The free tool, which creates what the team calls TLDRs (the common Internet acronym for ‘Too long, didn’t read’), was activated for search results at Semantic Scholar.
For now, the software generates sentences only for the ten million computer-science papers covered by Semantic Scholar, but papers from other disciplines should be getting summaries in the next month or so, once the software has been fine-tuned, says Dan Weld, who manages the Semantic Scholar group at AI2.
Preliminary testing suggests that the tool helps readers to sort through search results faster than viewing titles and abstracts, especially on mobile phones, he says.
A preprint describing the tool was first published on the arXiv preprint server in April and was accepted for publication after peer review by a natural-language-processing conference taking place this month.

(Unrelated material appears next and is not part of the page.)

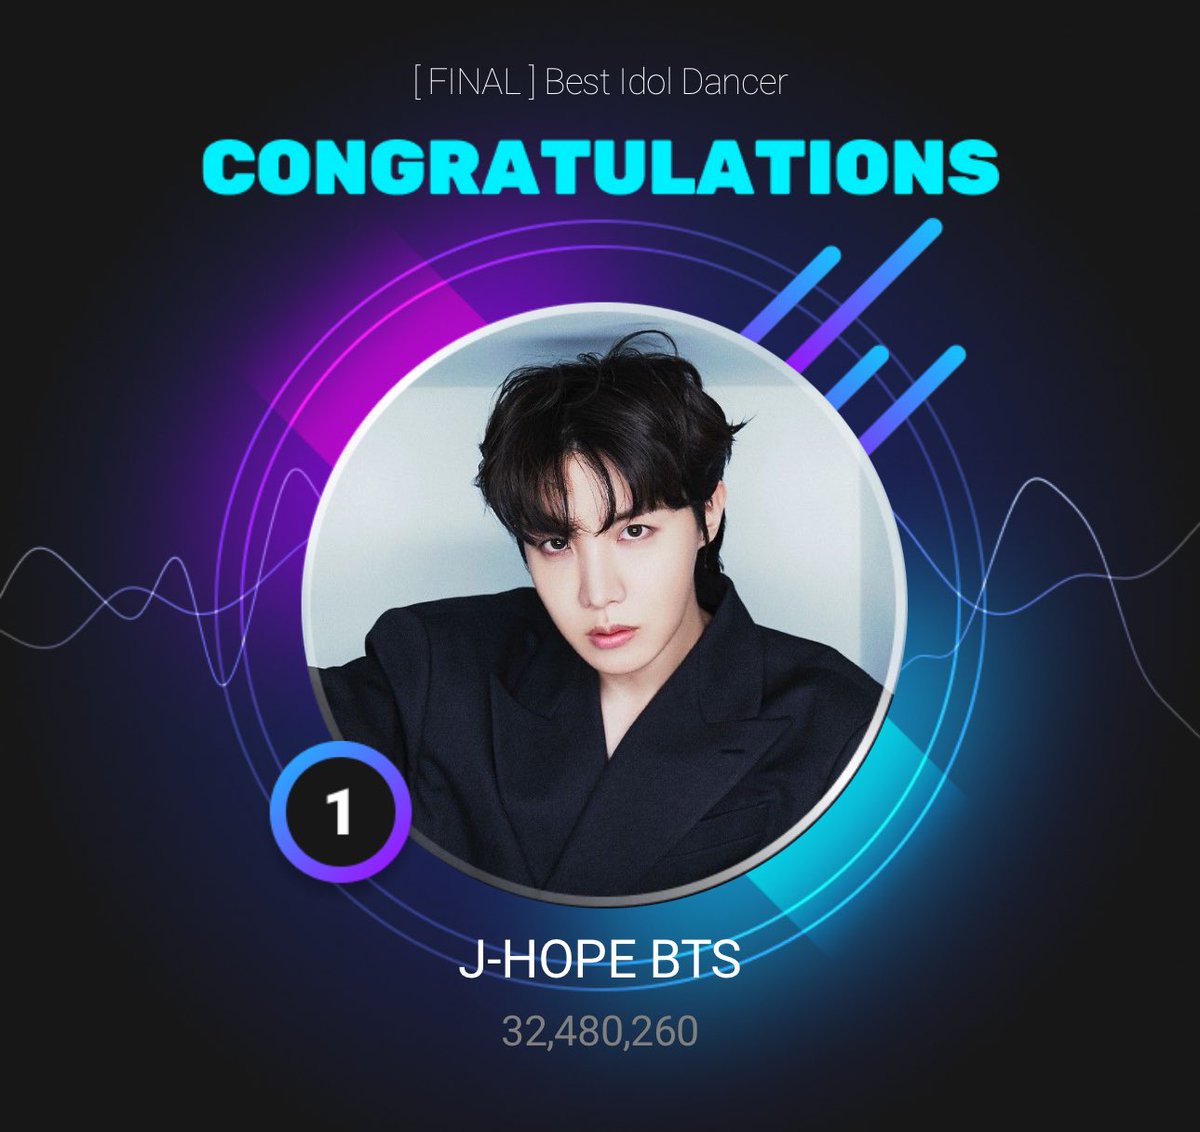 J-HOPE placed 1st for 'BEST IDOL DANCER' with 32,480,260 votes via UPICK! CONGRATULATIONS J-HOPE BEST IDOL DANCER FOREVER ARTIST J-HOPE

The researchers have made their code freely available, along with a working demo website where anyone can try the tool.
“I predict that this kind of tool will become a standard feature of scholarly search in the near future. Actually, given the need, I am amazed it has taken this long to see it in practice,” says Jevin West, an information scientist at the University of Washington in Seattle who tested the tool at Nature’s request.
“It is not perfect, but it’s definitely a step in the right direction,” he says.